'It's hard to know if Church can survive'
RTE's Religion Correspondent Joe Little speaking on the news after the report's release
There's a point that was made by Dermot Ahern when he was launching the report, in a paragraph which I'm not actually sure he delivered but it's in his script, "that the report isn't about the abuse that was perpetrated but it's about the cover-ups".
I think that is going to disturb a lot of people who have very little involvement or no involvement in the Catholic Church and devout Catholics as well, because I think people will wonder if an institution as central to the people of Ireland was acting in this corrupt way, in relation to the most vulnerable citizens in the country, what else was done?
How many other children are there who can't be discovered by a commission of inquiry; how many other children suffered; how much of the psychiatric distress in the country may be traceable to the failure of a revered institution to give good example to help the weak, to help the distressed when they brought their claims forward and looked for a sympathetic ear? We heard in Paul Reynolds' report about the praise that was heaped on gardai, both on the ground and on senior ranks, who resisted the pressure from bishops who otherwise had very good reputations.

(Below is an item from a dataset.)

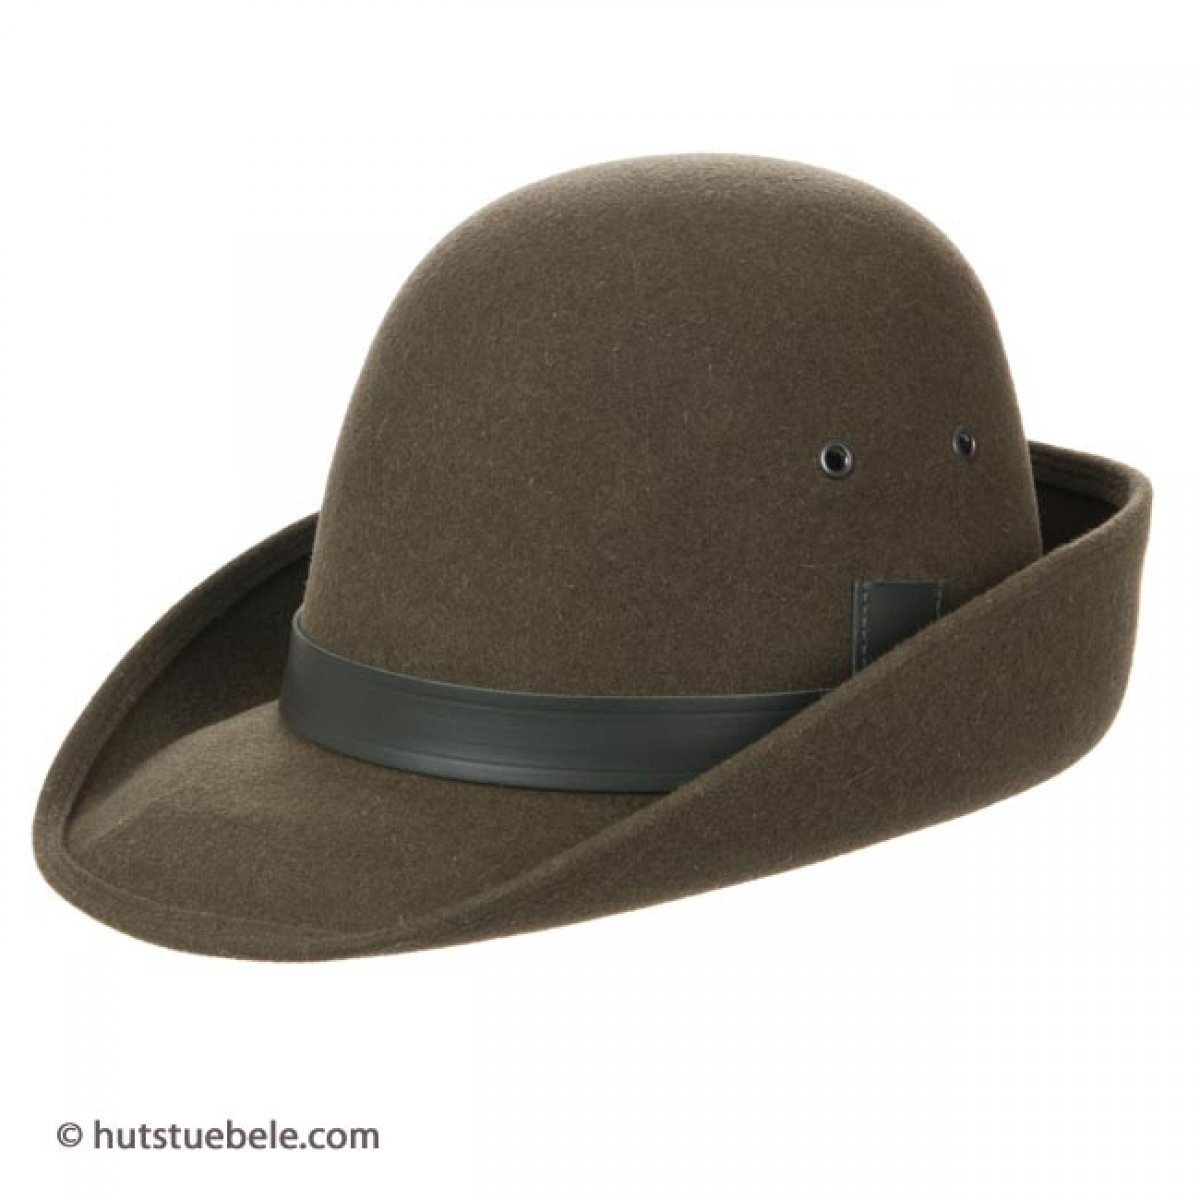 Cappello In Feltro By Hutter Eur 4290 Cappelleria eae355af65cb

Bishop James Kavanagh was known as the "working man's bishop" in this city and yet it took very spunky gardai to actually stand up to the pressures that they were put under; I think that this is a very telling insight into the failure of civic Ireland to stand up against a royalty, the princes of the Church who had ancient rights over the lives of people and who wouldn't allow the advance of much secularised criticism of a civil state. To work with a civil law was not permitted by many elements in the Catholic Church, by the ruling elements, by the largest diocese where most ordained people, where most nuns, where many lay people wished to serve the Church because this was the prestige diocese and now this shame is over it.
It's hard to know if the Catholic Church in Ireland can survive. The only glimmer of hope is the sheer perseverance of many Catholics like Marie Collins, like Andrew Madden and many others, the school teachers who supported people like that, who insisted that these cases be brought centre stage in these diocese and who suffered for doing it. The ray of hope is that such people had such resolve to make sure that justice would eventually be done, and it must be a cause of great celebration tonight that justice has been done in their lifetimes, particularly in the case of Marie Collins and Andrew Madden. And there are many like them.